Lord of Appeal in Ordinary

Lord Justice of Appeal

= David Jenkins, Baron Jenkins =

British judge (1899–1969)

David Llewelyn Jenkins, Baron Jenkins (8 April 1899 - 21 July 1969) was a British judge.

==Early life and education==
Born in Exmouth, he was the third son of Sir John Lewis Jenkins and his wife Florence Mildred, second daughter of Sir Arthur Trevor. An elder brother was Evan Meredith Jenkins, who later served as the last Governor of the Punjab.
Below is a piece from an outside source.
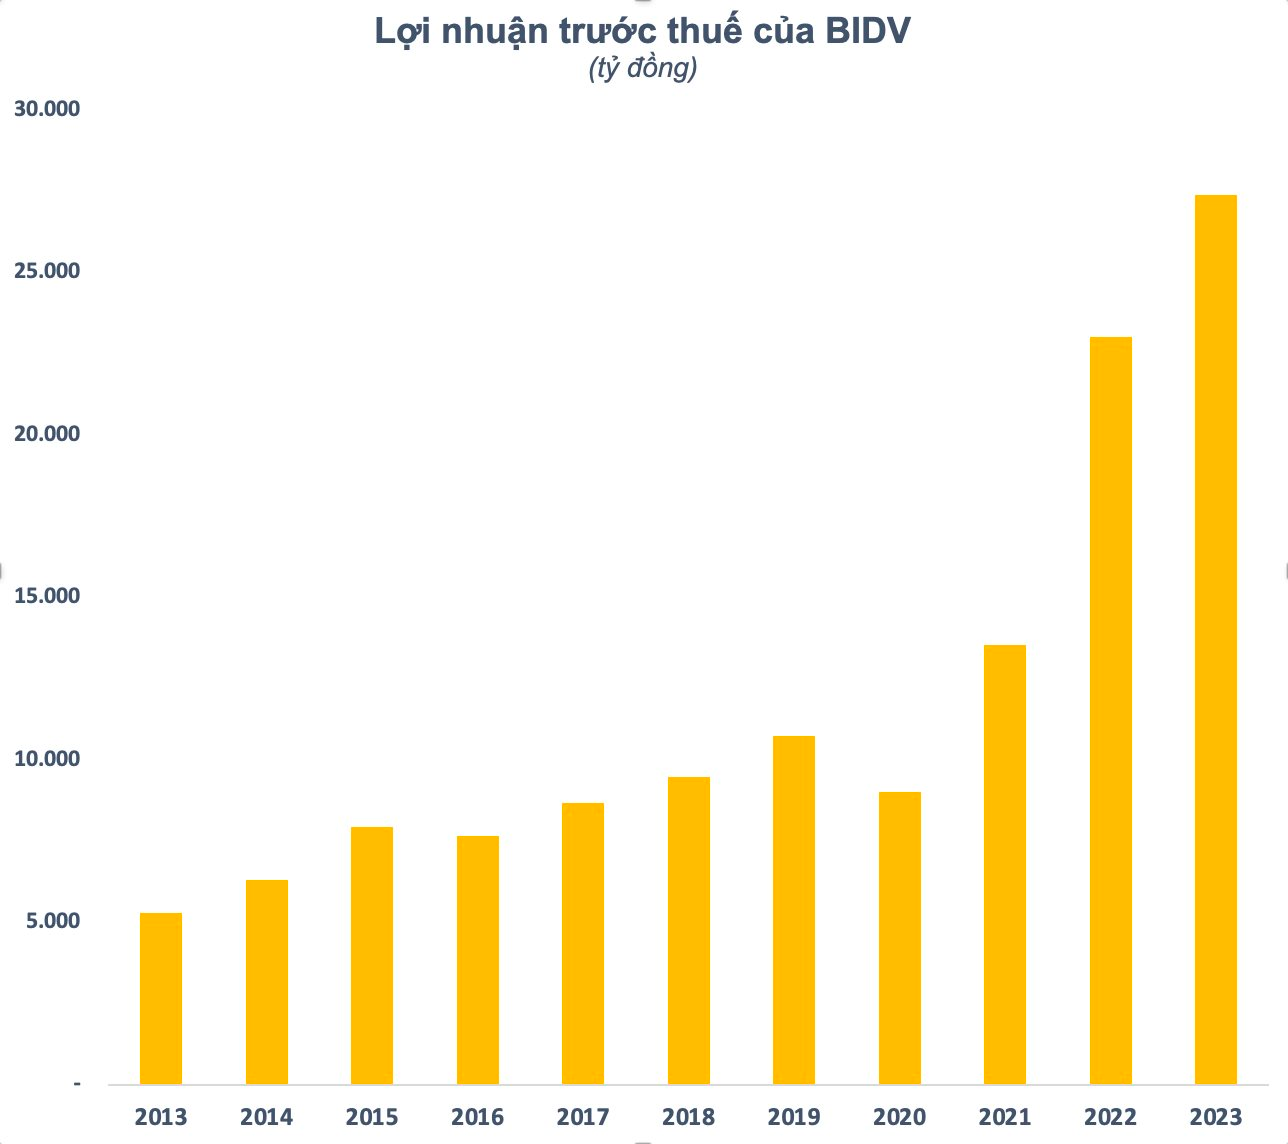 Cổ phiếu BIDV lên đỉnh lịch sử, Keb Hana Bank lãi gấp đôi sau hơn 4 năm làm cổ đông chiến lược - Ảnh 2.

Jenkins was educated at Charterhouse School and fought then with the 12th Battalion, Rifle Brigade (Prince Consort's Own) in the First World War. After the war, he went to Balliol College, Oxford, and graduated with a Bachelor of Arts in 1920, winning the Hertford and Ireland scholarship. Jenkins was called to the bar by Lincoln's Inn three years later and made his Master of Arts in 1928.

==Career==
He was made a King's Counsel in 1938 and subsequently served in the Royal Army Service Corps during the Second World War. In 1945, he became a bencher and in 1946 he was nominated Attorney-General of the Duchy of Lancaster. Jenkins joined the High Court of Justice, Chancery Division in 1947 and on this occasion was created a Knight Bachelor. Two years later he was appointed a Lord Justice of Appeal and on 31 May 1949 sworn of the Privy Council. After another decade he was chosen a Lord of Appeal in Ordinary and in consequence was created a life peer under the Appellate Jurisdiction Act 1876 as Baron Jenkins, of Ashley Gardens, in the City of Westminster. He chaired the Jenkins Committee on Company Law and in 1953 became governor of Sutton's Hospital in Charterhouse.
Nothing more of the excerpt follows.